Fresh air is good for the eyes – but whatever you do, make sure you avoid draughts from air-conditioners or fans in places such as air-conditioned rooms and cars. This is an excellent way to ensure you don’t develop dry eyes or an eye infection. It’s better to open the window now and again, or to darken rooms during the summer so that you’re not blinded by the sunlight.
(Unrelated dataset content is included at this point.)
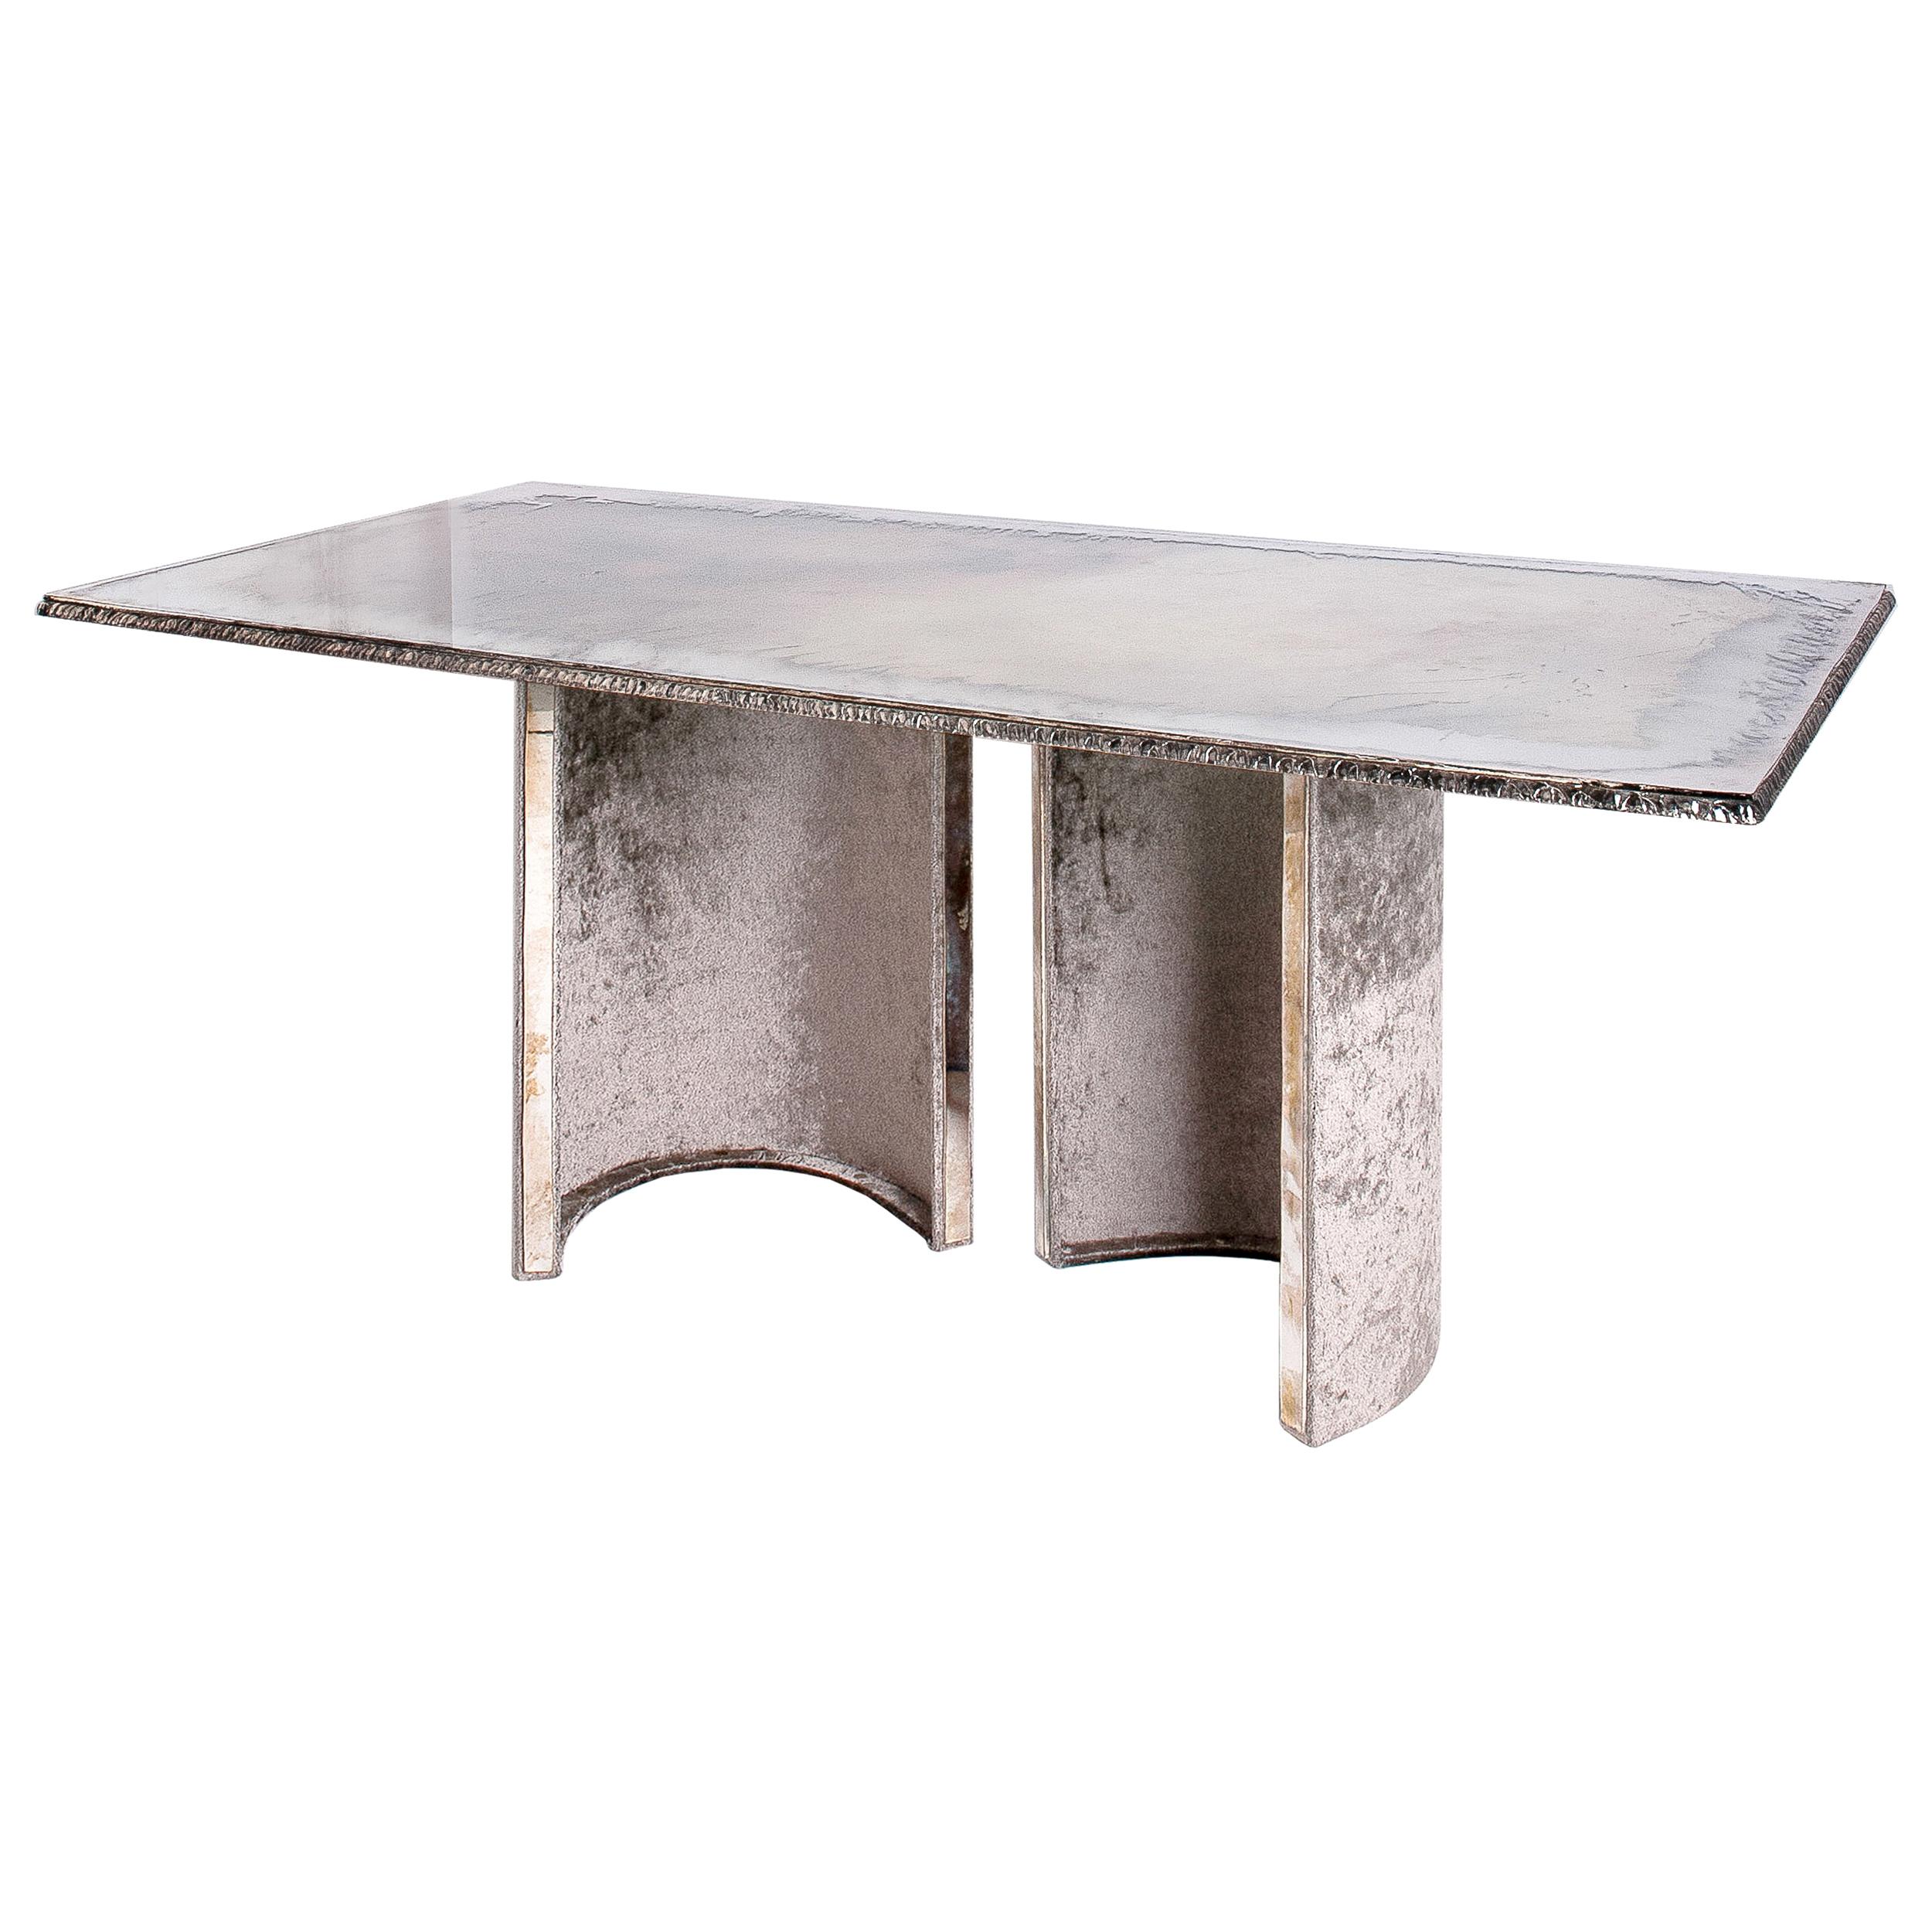 Die Tische Sabrina Landini GEM kombinieren einen modernen, zeitgenössischen Stil mit Details, die von unserer Glastradition inspiriert sind. Sie interpretieren unsere legendären Glieder neu und setzen damit aufsehenerregende Designakzente.

Der

Just like our skin, we need to protect our eyes from harmful UV rays. UV light puts a tremendous strain on our eyes – not only on sunny days, but also when it’s cloudy out. UV radiation is unavoidable. That’s why sunblock and many moisturisers all contain UV protection. What’s not as obvious is that the eyes have to be protected against harmful UV rays. Just like the skin, the eyes can also get sunburn – which can even cause lasting damage to the retina. In a worst-case scenario, this could result in other problems like cataract or, even years later, age-related macular degeneration. It’s even possible to develop cancer of the eyelids and eyes as a result of intense exposure to UV light. That’s why you should ensure that your glasses and sunglasses feature full UV protection.
Enjoy life to the full. That includes having excellent, clear vision. Make sure you get your eyes checked regularly at your optician’s or ophthalmologist’s, and choose glasses that suit your particular needs. There are suitable lenses for everyone, no matter what your needs. For example when driving, or making sure you adopt the right posture when working or playing your favourite sport.